I farm: “Around 40ac of organic cereals and horticultural crops, and I’m the fifth or sixth generation here in Craig. I took the farm over from my mother in 2008 or so. The farm was primarily beef back then. We would have been calf-to-beef until 2017, then we switched the front part of the farm (6ac) to organics, and we put the remainder of the farm into organics in 2019 and got rid of all the stock.”

Crops: “This year, we sowed 31ac of combi crop as well as 3ac of potatoes. I have around 4ac of field vegetables and roughly 6,500 lettuce plants. We also work close to 1,000 tomato plants – we have batches of spring onions and had a patch of carrots as well. It’s enough to drive you mad, but keep you from going mad too.”

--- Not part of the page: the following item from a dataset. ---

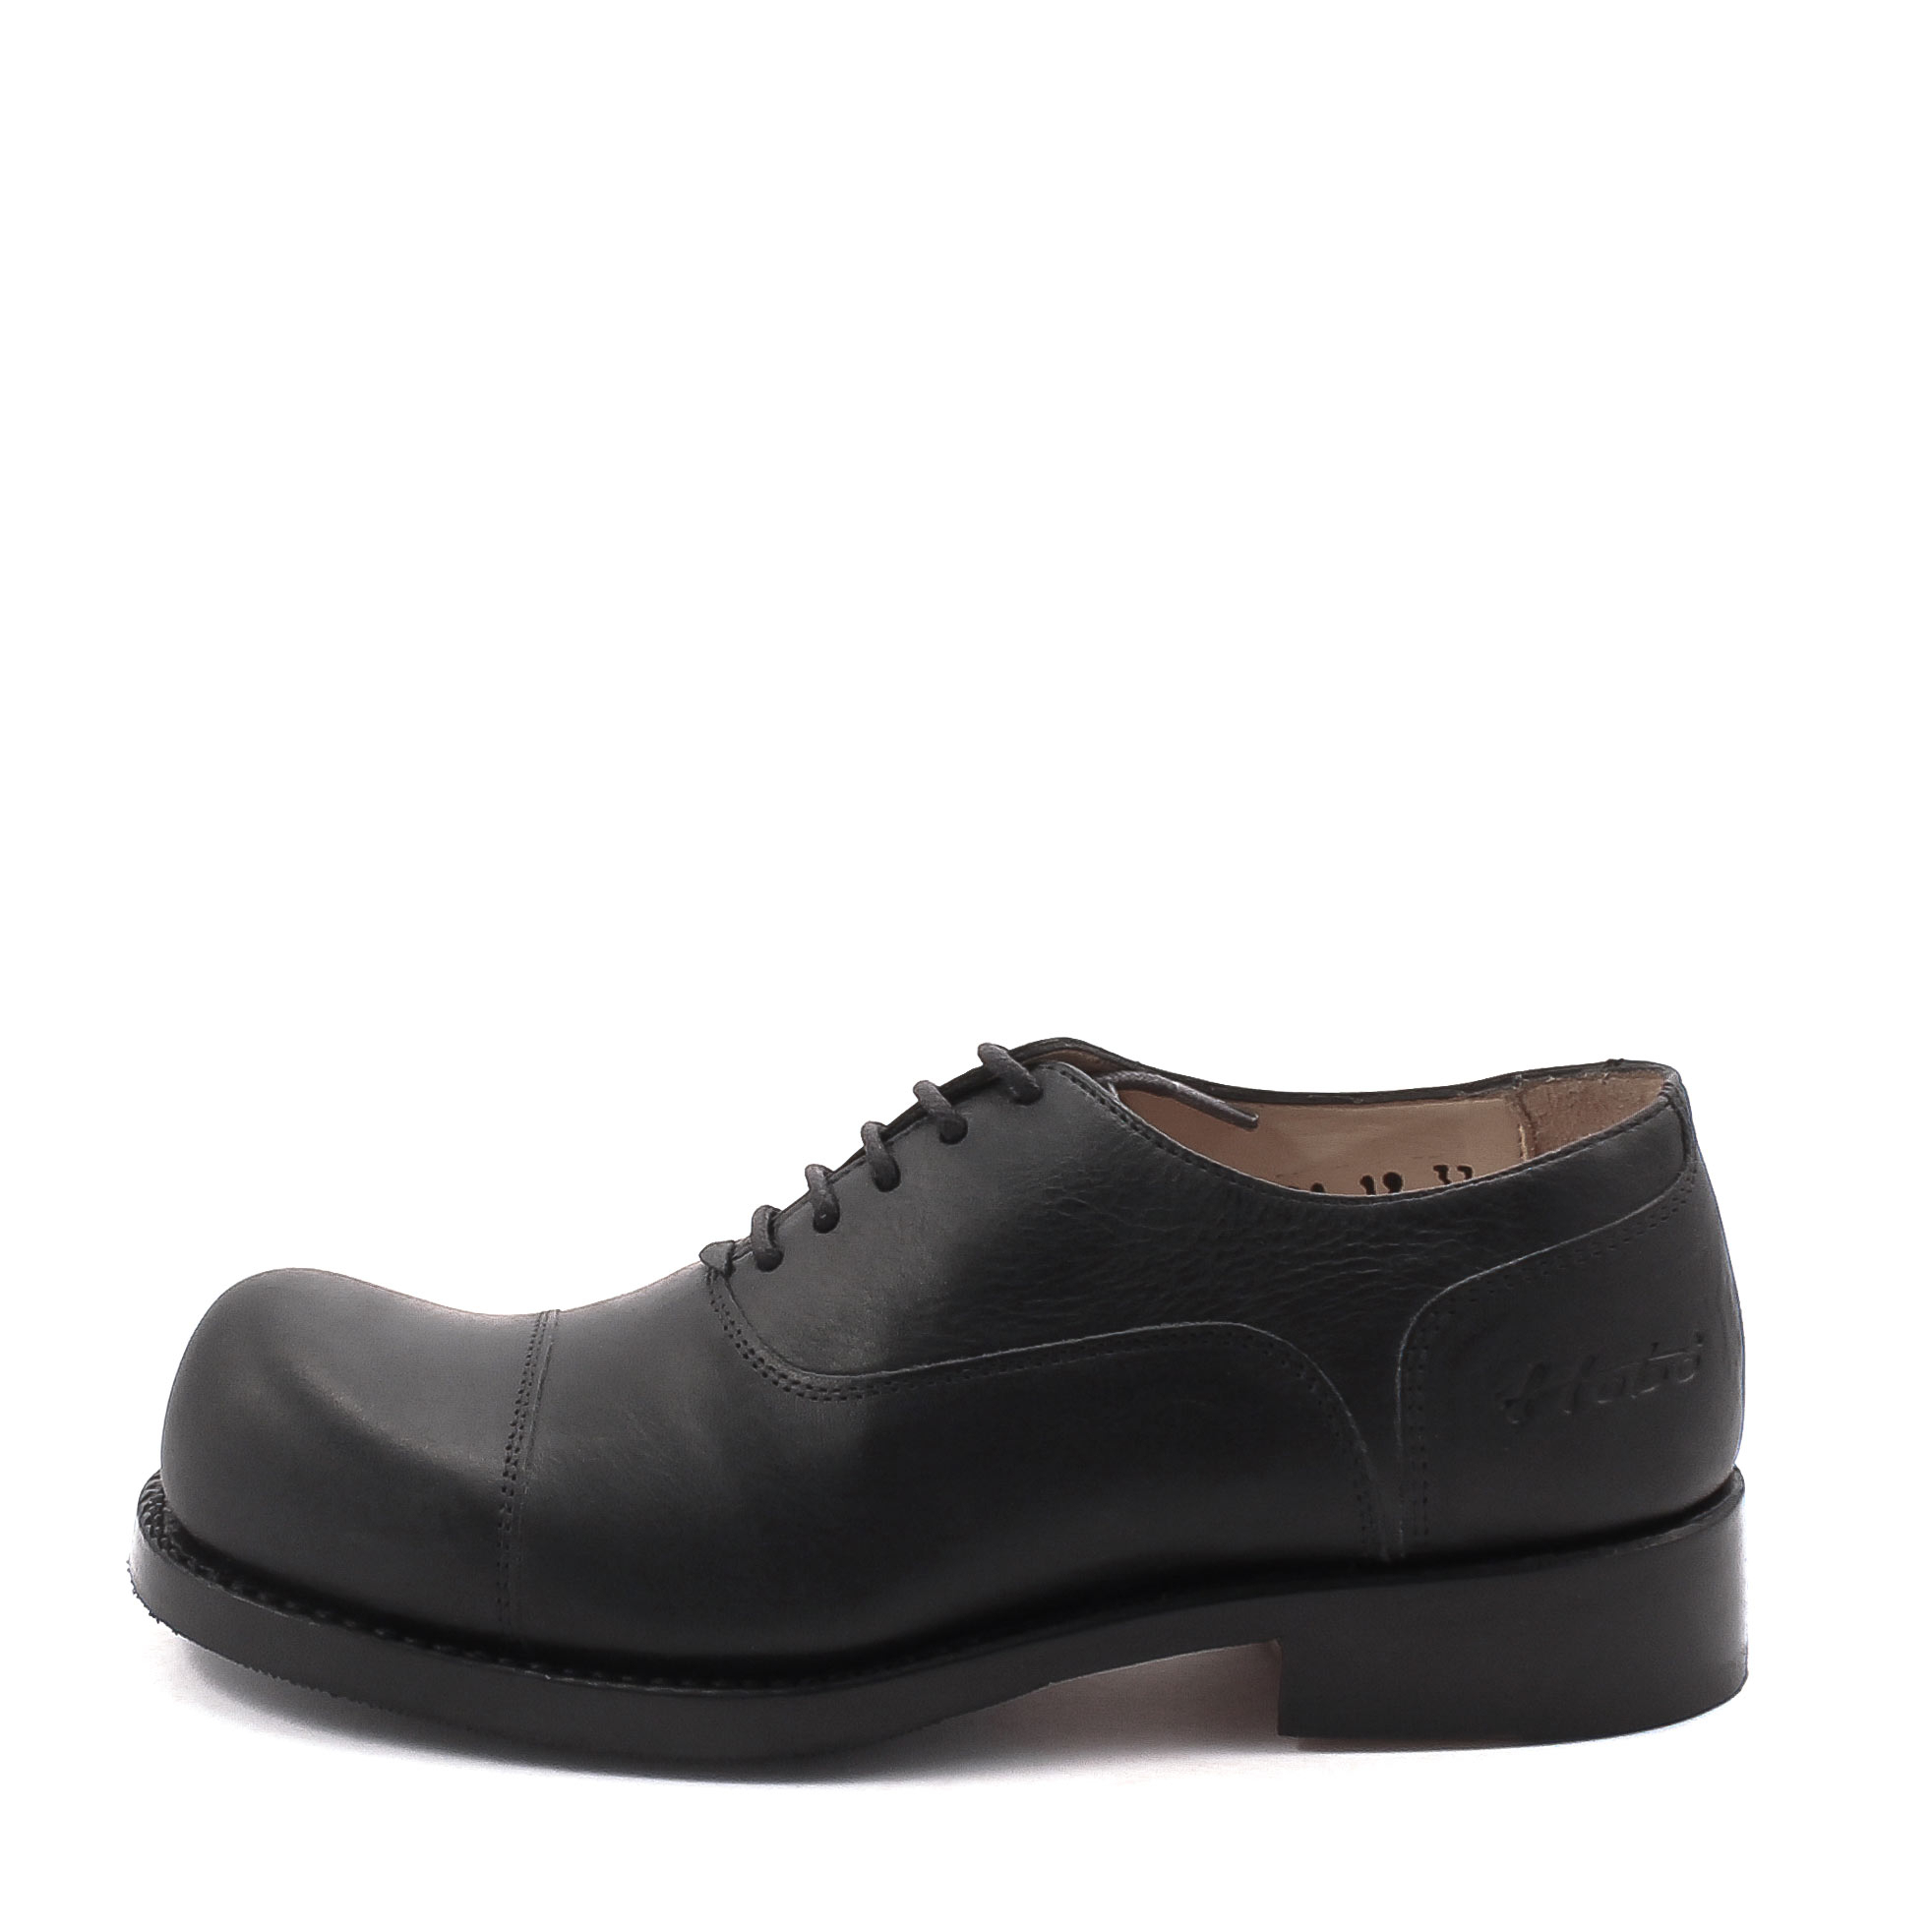 HOBO, Charly f Women's Lace-up Shoes, black Größe 36

Combi crop: “It was my first year sowing combi crop. Other years, I would have just sown oats, but it worked a treat. It was 30% barley, 30% oats and 40% peas. We got the ploughing done early in February and then we got it in around the third week of April, and sowed it at 100kg/ac. It was put in as a fertility-builder, really. All we spread was farmyard manure on the ground last back-end, then we subsoiled it and the peas did the rest. Any legume is a wonderful plant.”

Harvest: “We started to harvest the cereals between dry and wet spells in September. The cereals yielded well – 2.6t/ac. When we were growing oats, we would have been happy with 1.8t/ac up here.”

Weather: “We’re at the mercy of the seasons up here, because we are so far north. When we’re starting harvest here, other parts of the country would be starting to sow – we’d be nearly three weeks behind everyone else.”

Straw: “We don’t bale any straw here, we mulch all the straw because it’s worth more to me going into the ground than it is going out the gate.”